• _DATA SECTION_
┄┄┄┄┄┄┄┄┄┄

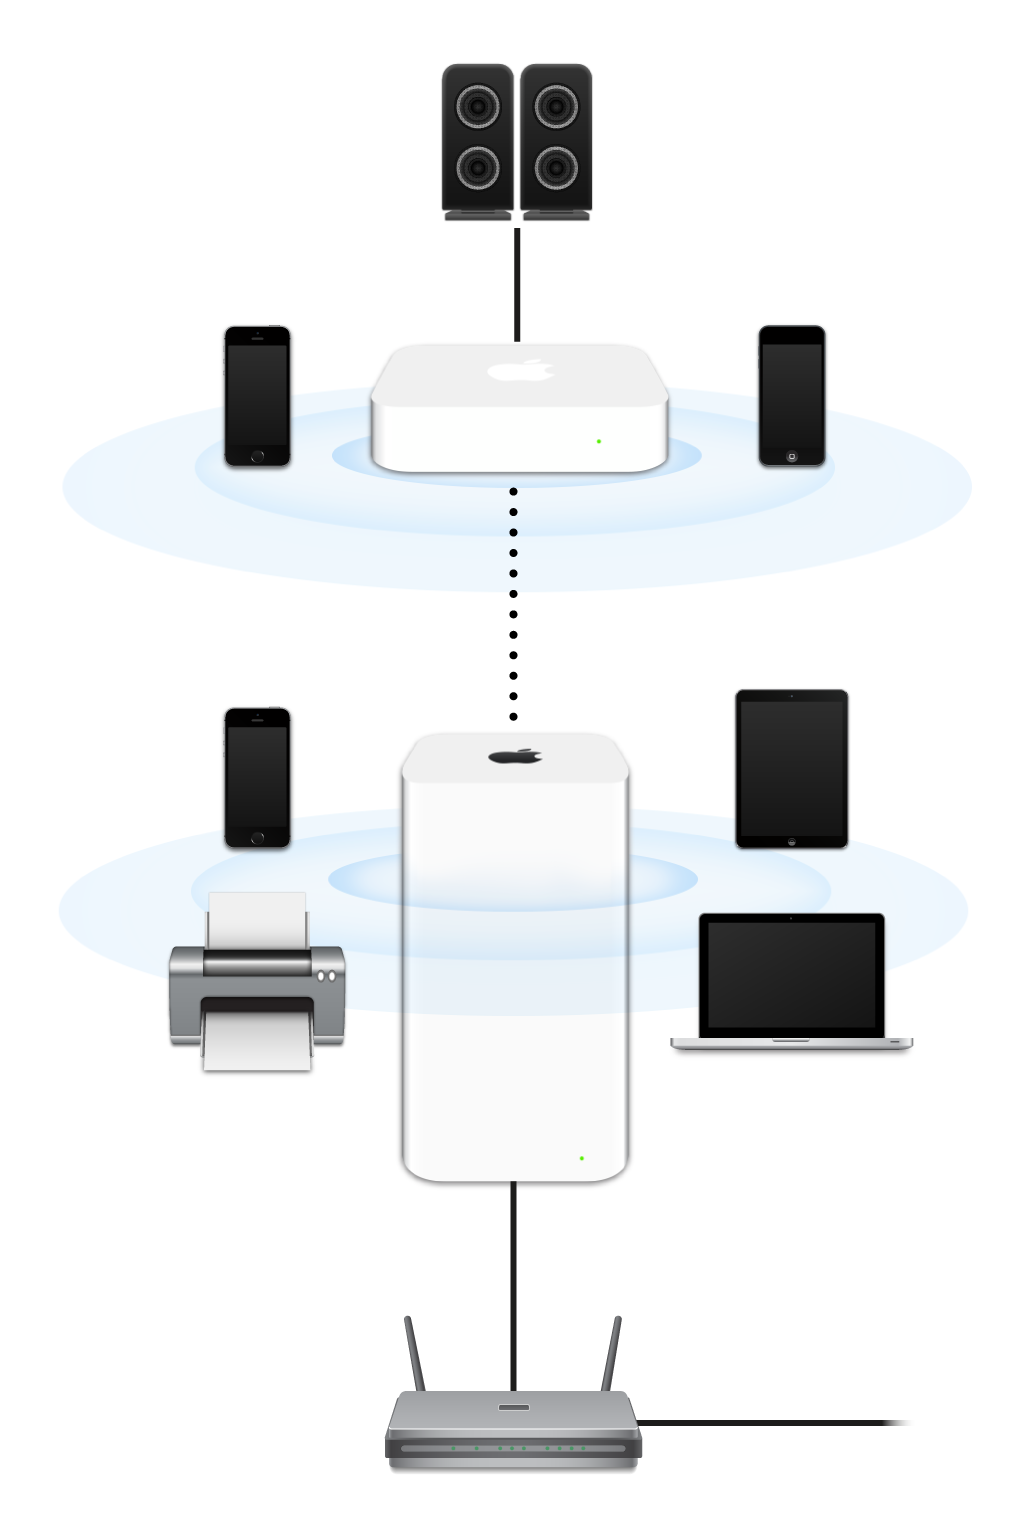 Una red ampliada, incluye una AirPort Extreme y una AirPort Express, conectada a un módem y transmitiendo a diferentes dispositivos.
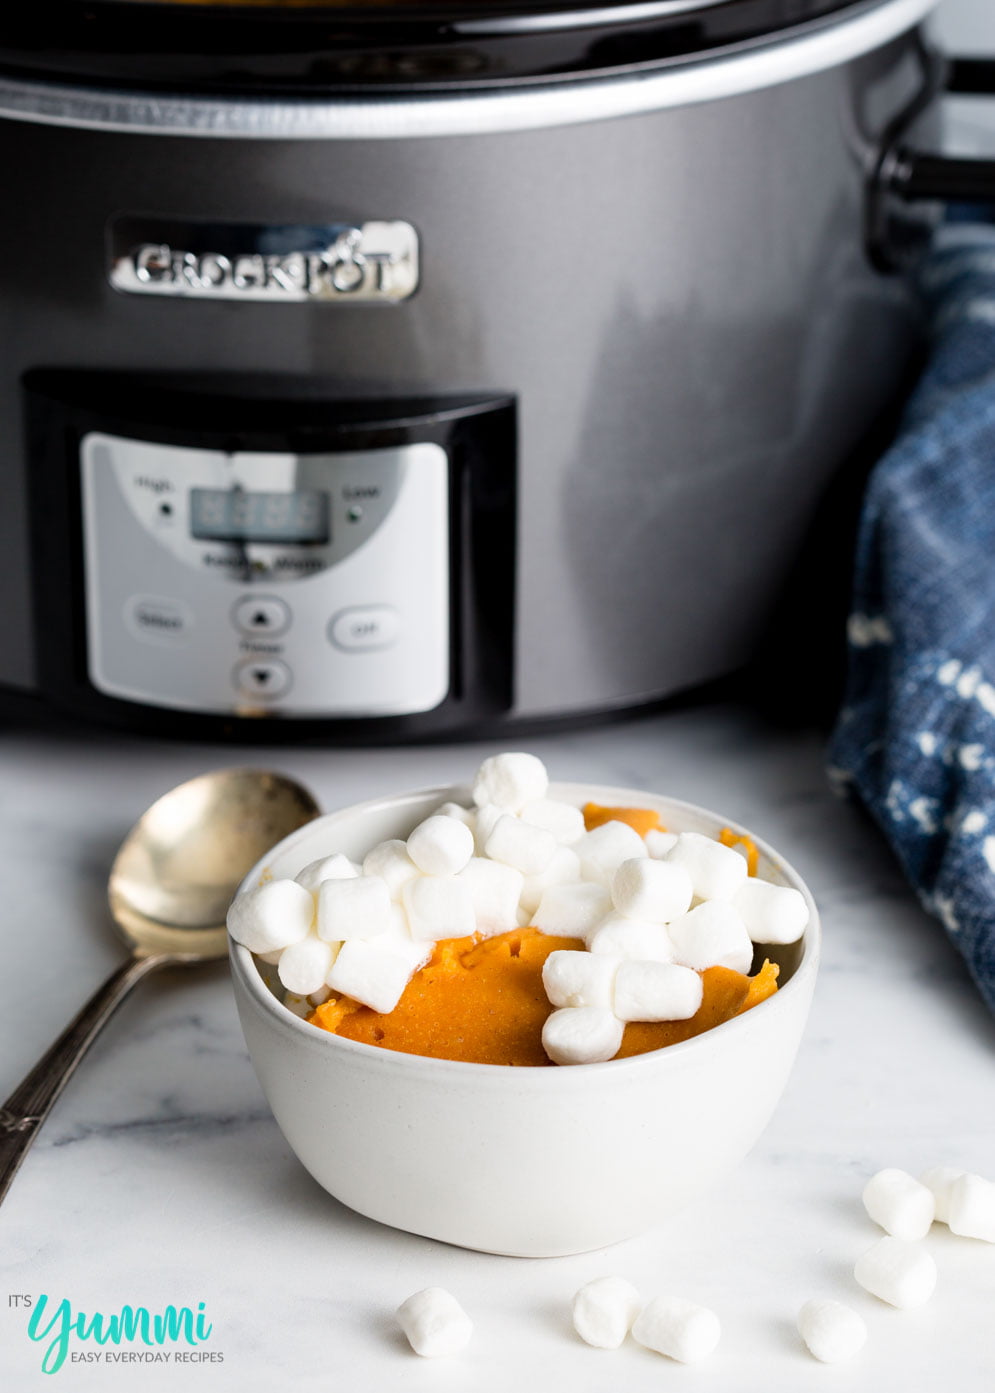 Crustless Pumpkin Pie | Slow Cooker Recipe | Easy Recipes by It's Yummi
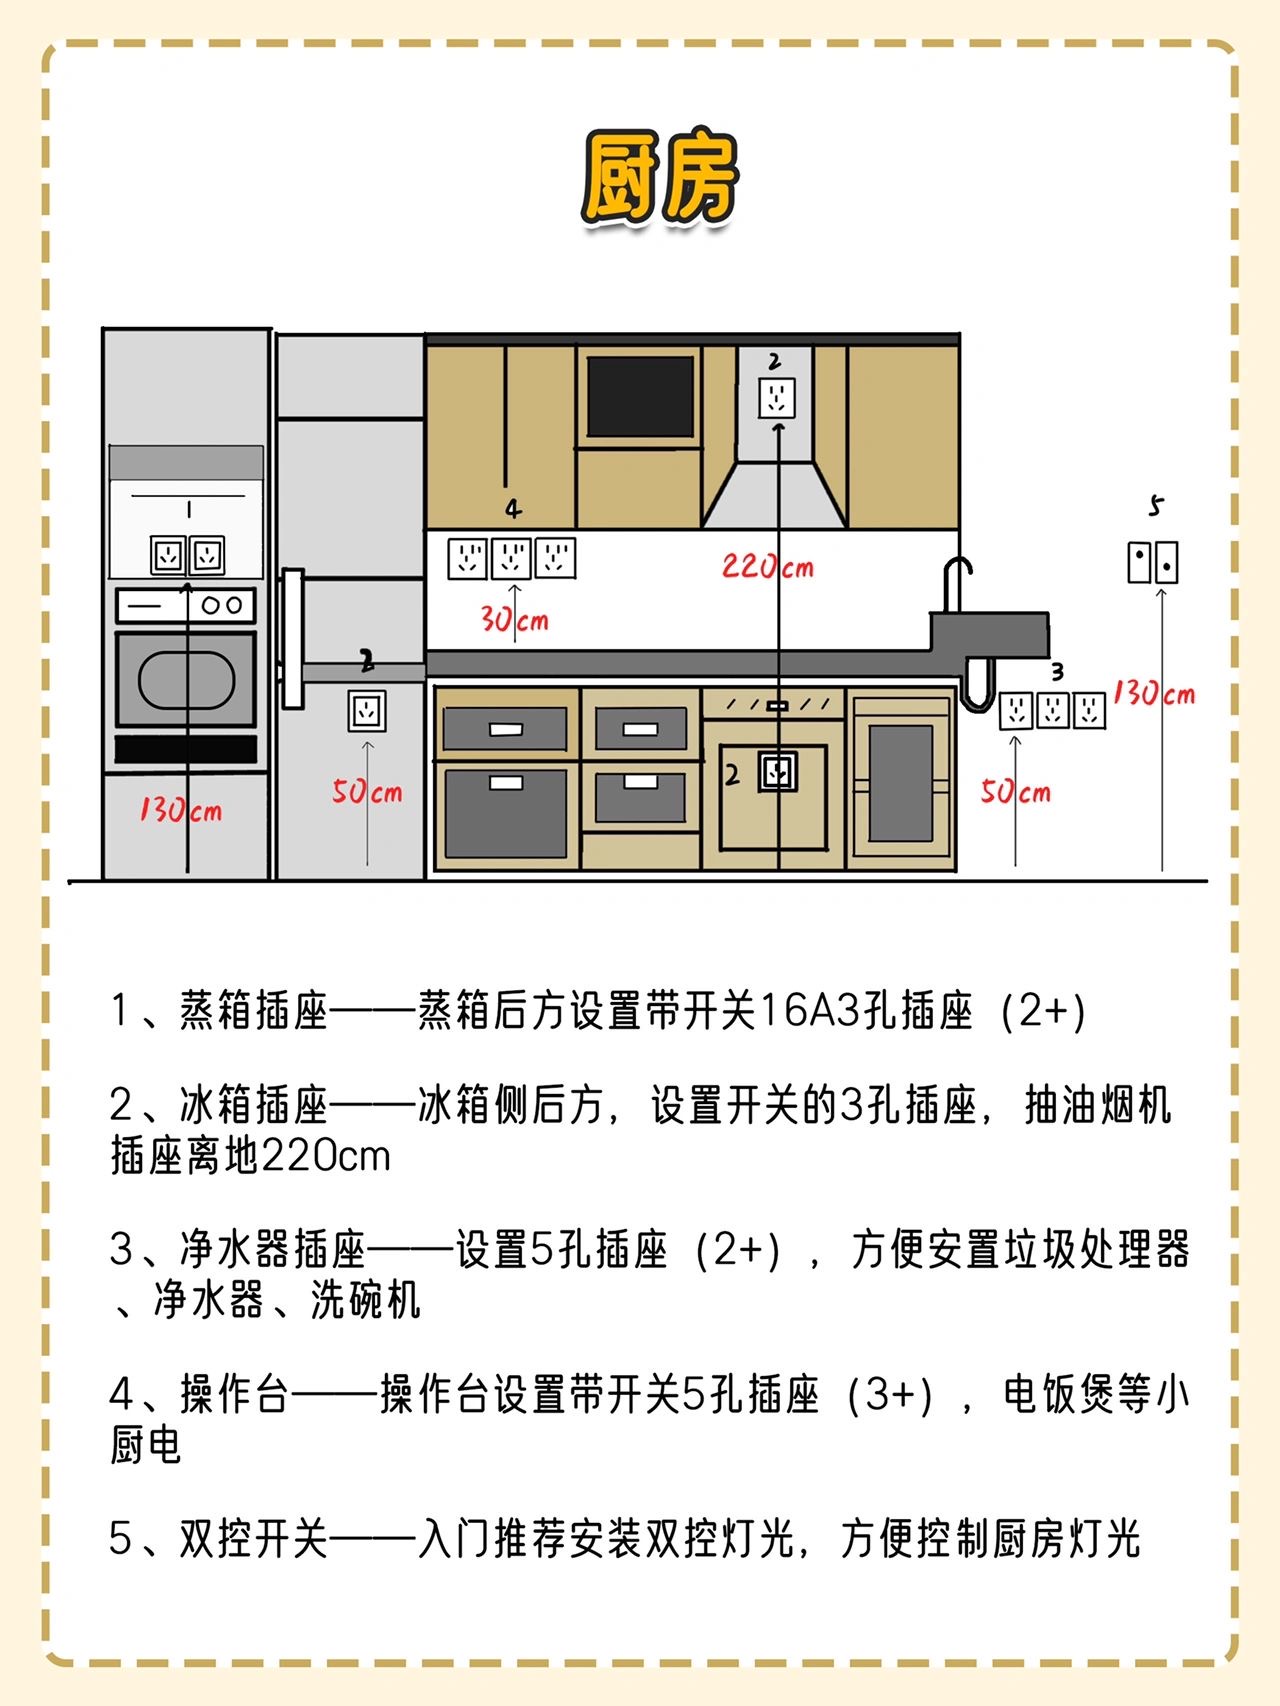 家装水电标准尺寸图(水电布局方案)

┄┄┄┄┄┄┄┄┄┄

• _AIM OF THE TASK_
Once the pictures are set aside, restate the remaining data above exactly.

• _SOLUTION FOR THIS PROBLEM_
 Una red ampliada, incluye una AirPort Extreme y una AirPort Express, conectada a un módem y transmitiendo a diferentes dispositivos.
 Crustless Pumpkin Pie | Slow Cooker Recipe | Easy Recipes by It's Yummi
 家装水电标准尺寸图(水电布局方案)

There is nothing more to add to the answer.